Stand-In (1937)
7/10
"In matters of business one is forced to ignore human factors."
23 October 2005
Warning: Spoilers
The banking concern of Pettypacker and Sons is about to sell their interest in Colossal Film Studios, until accountant extraordinaire Atterbury Dodd (Leslie Howard) points out that the five million dollar deal is worth at least twice that much. Standing up to the senior Pettypacker, Dodd offers to head to Hollywood to head up his own internal investigation of the studio.

The characters Dodd meets in tinsel town are more like caricatures than real people. There's the blustering movie director Koslofski (Alan Mowbray), the alcoholic producer Quintain (Humphrey Bogart), the annoying publicist Potts (Jack Carson), and the prima donna of all time Thelma Cheri (Marla Shelton). Even Dodd himself is the consummate number cruncher, reducing meaningful personal relationships to "cogs" and "units". The only real heart and soul person that Dodd discovers is the delightful former child star Lester Plum (Joan Blondell), reduced to stand in roles that earn her a meager forty dollars a week when she can get the work.

The film has a lot of bizarre scenes that produce double takes, such as the Shirley Temple wanna be that performs on the spot auditions, and the seal and penguin act that share a room in the boarding house where Miss Plum resides. Blondell's character earns Dodd's interest when she uses a judo flip to throw him on his keester; that move will be repeated more than once as the film progresses.

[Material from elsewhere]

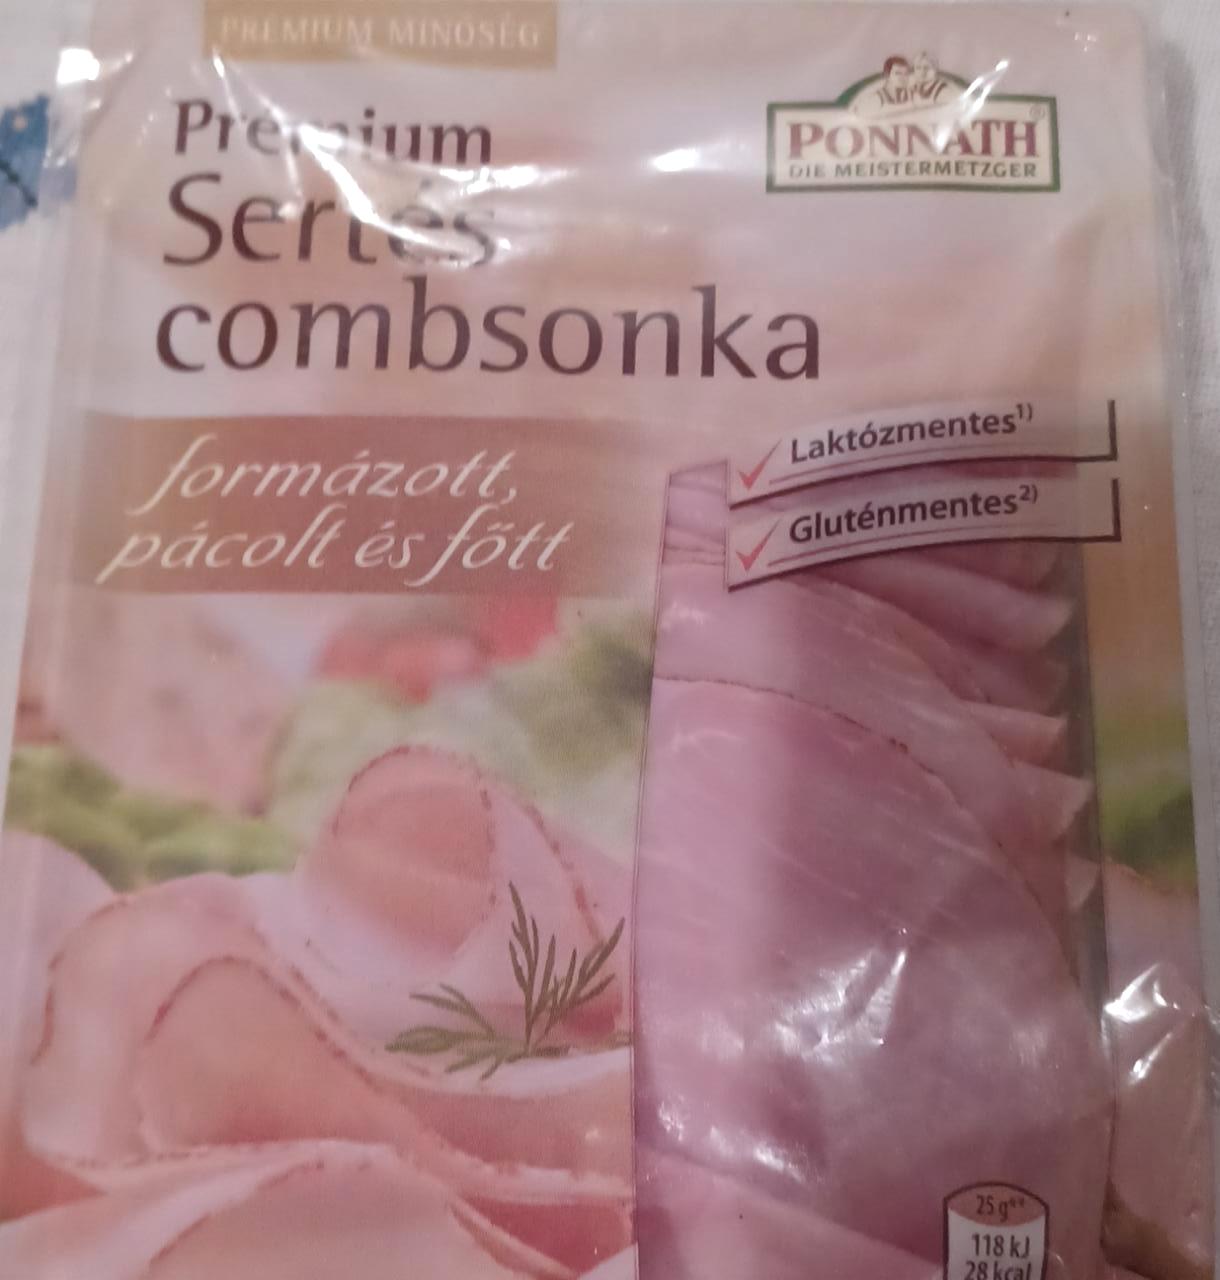 Képek - Premium sertés combsonka Ponnath

At the center of Dodd's investigation is the production of a guaranteed to flop movie that will put Colossal over the financial edge and insure a bargain basement sale to big shot businessman Ivor Nassau (C. Henry Gordon), who will then lay off virtually the entire studio. The name of the film, and you better sit tight, is "Sex and Satan" - it's a jungle movie! With lines like "Goodbye little jungle goddess", the movie is guaranteed to be dead out of the water. Making lemonade out of this lemon will take some doing, but Dodd puts on his best human face and organizes the masses for a final rally to save the day. And all of this after being fired by Pettypacker!

I would probably never have seen this film had I not been such a loyal Humphrey Bogart fan. Though he's third billed behind Howard and Blondell, his screen time is nominal, alternating between one of the studio heavies and his later conversion to a Dodd ally. It's a rare comic role for Bogey in which he appears somewhat uncomfortable, but ultimately satisfying once he decides to ditch gold digger Thelma Cheri and edit a gorilla into her jungle scenes.

The movie closes on the hint of a romance between Dodd and Miss Plum, just about when she's run out of options and hope of pinning him down. Fortunately the number cruncher decides to have a heart, as unlikely as that may have seemed at the outset. It's a well deserved finale for Joan Blondell's character, her good natured warmth and sincerity deserved to win out in the end.